[Data to use Boundary: Start]
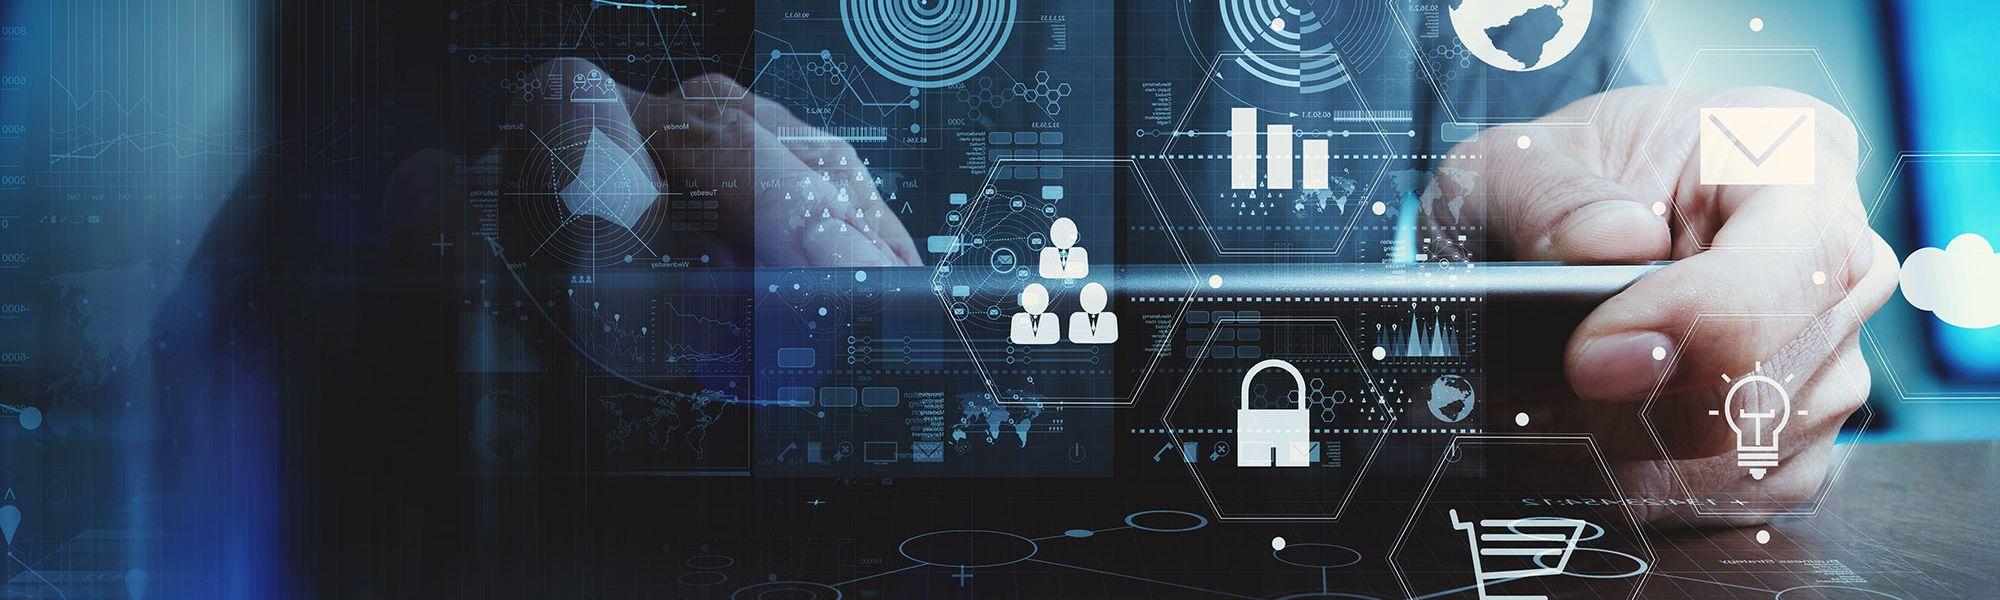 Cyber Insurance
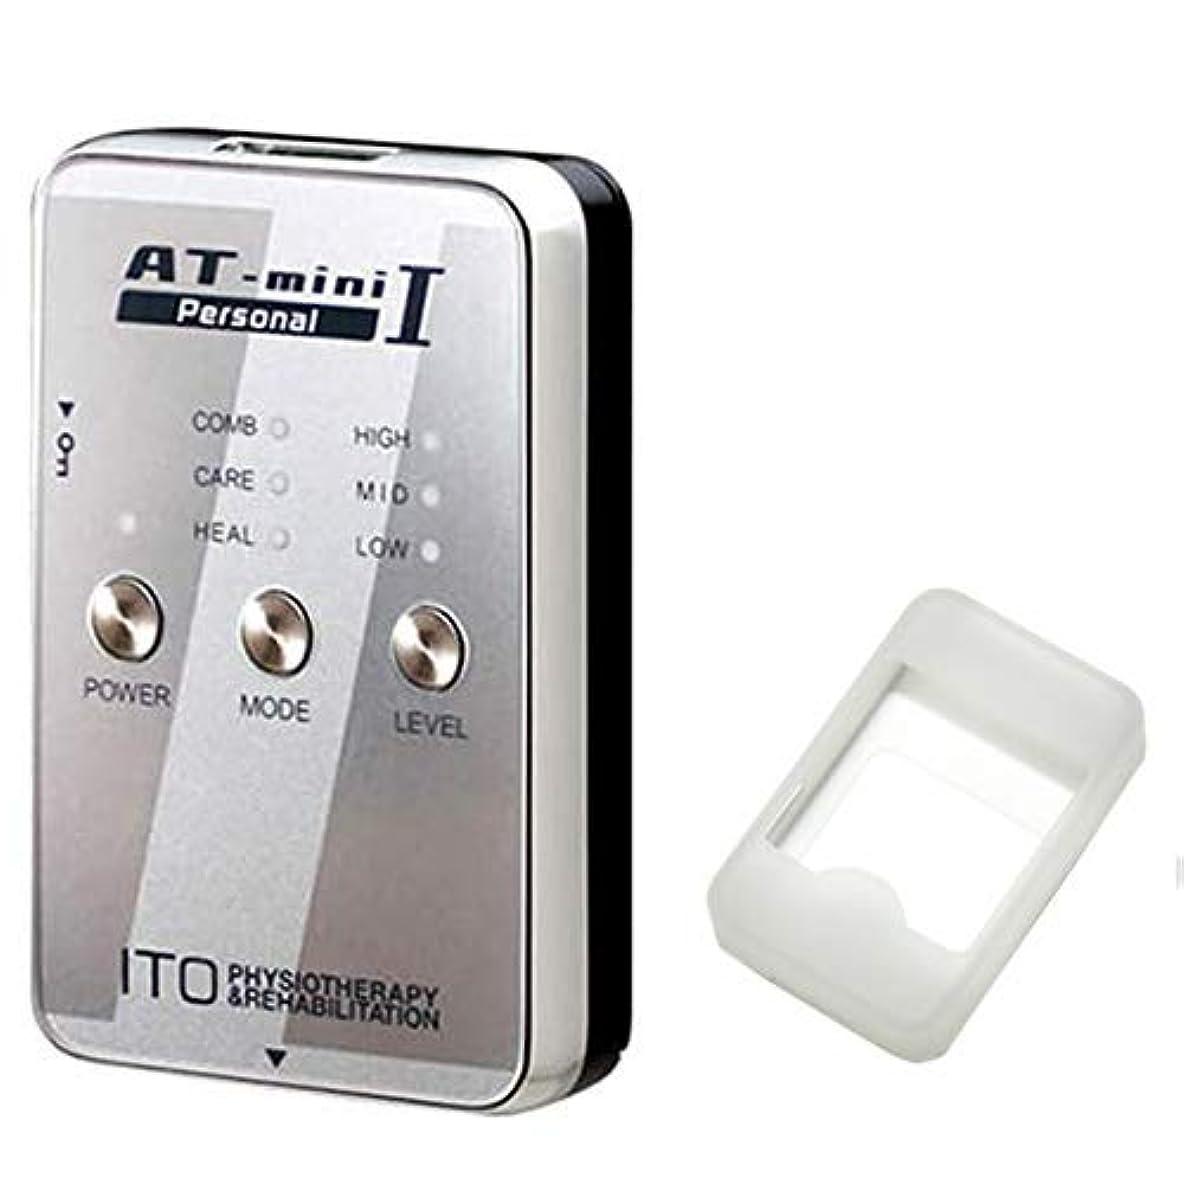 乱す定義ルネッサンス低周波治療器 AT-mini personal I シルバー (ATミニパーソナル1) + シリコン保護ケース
[Data to use Boundary: End]
[Data to use Boundary: Start]
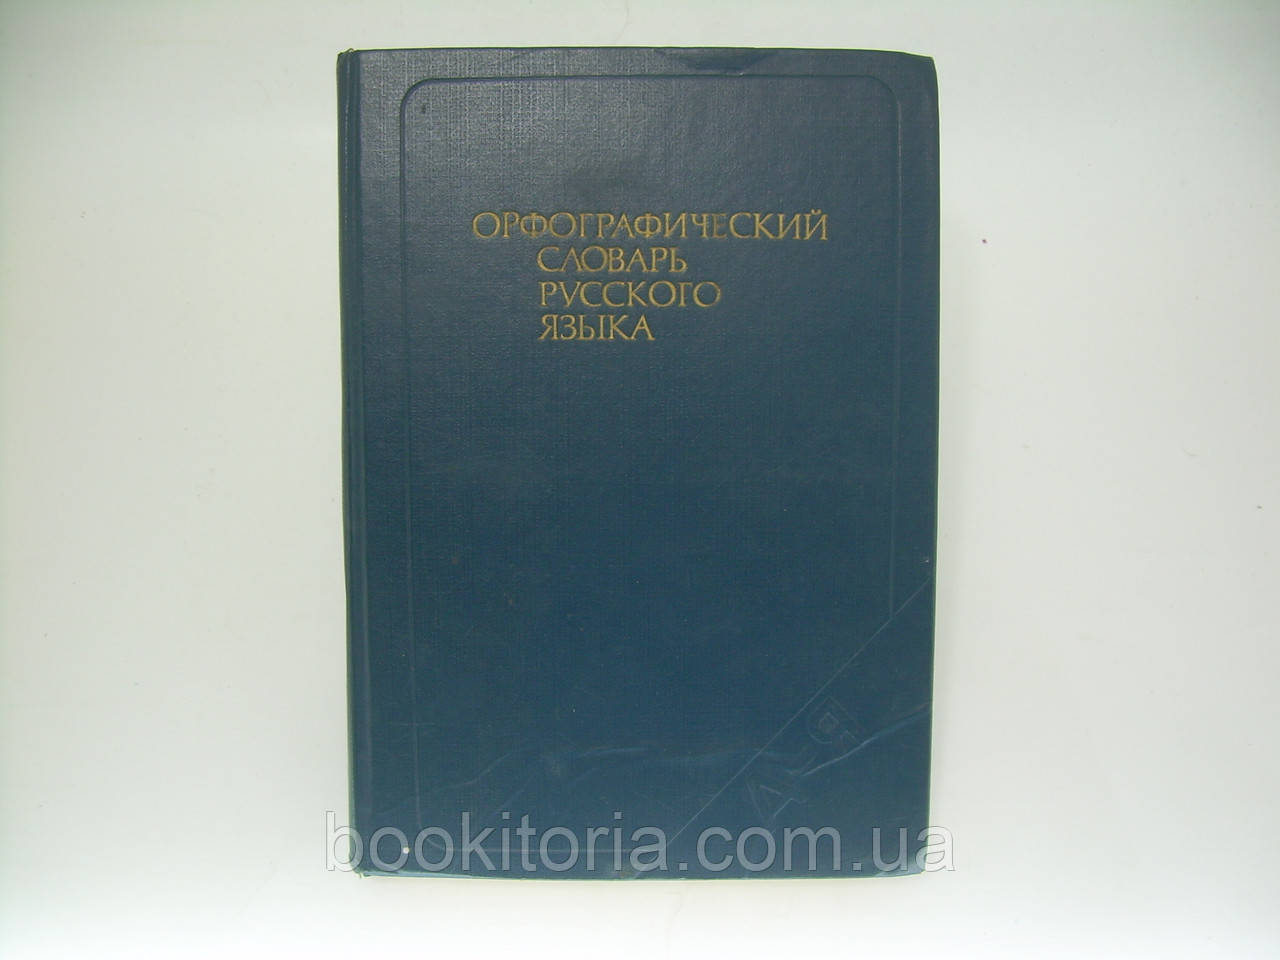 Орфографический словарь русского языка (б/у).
[Data to use Boundary: End]
**Problem**
Look above for the line with "Cyber Insurance" and the line with "乱す定義ルネッサンス低周波治療器 AT-mini personal"; set down those two lines and all lines between them exactly, without pictures and without anything else.

**Expected answer**
 Cyber Insurance
 乱す定義ルネッサンス低周波治療器 AT-mini personal I シルバー (ATミニパーソナル1) + シリコン保護ケース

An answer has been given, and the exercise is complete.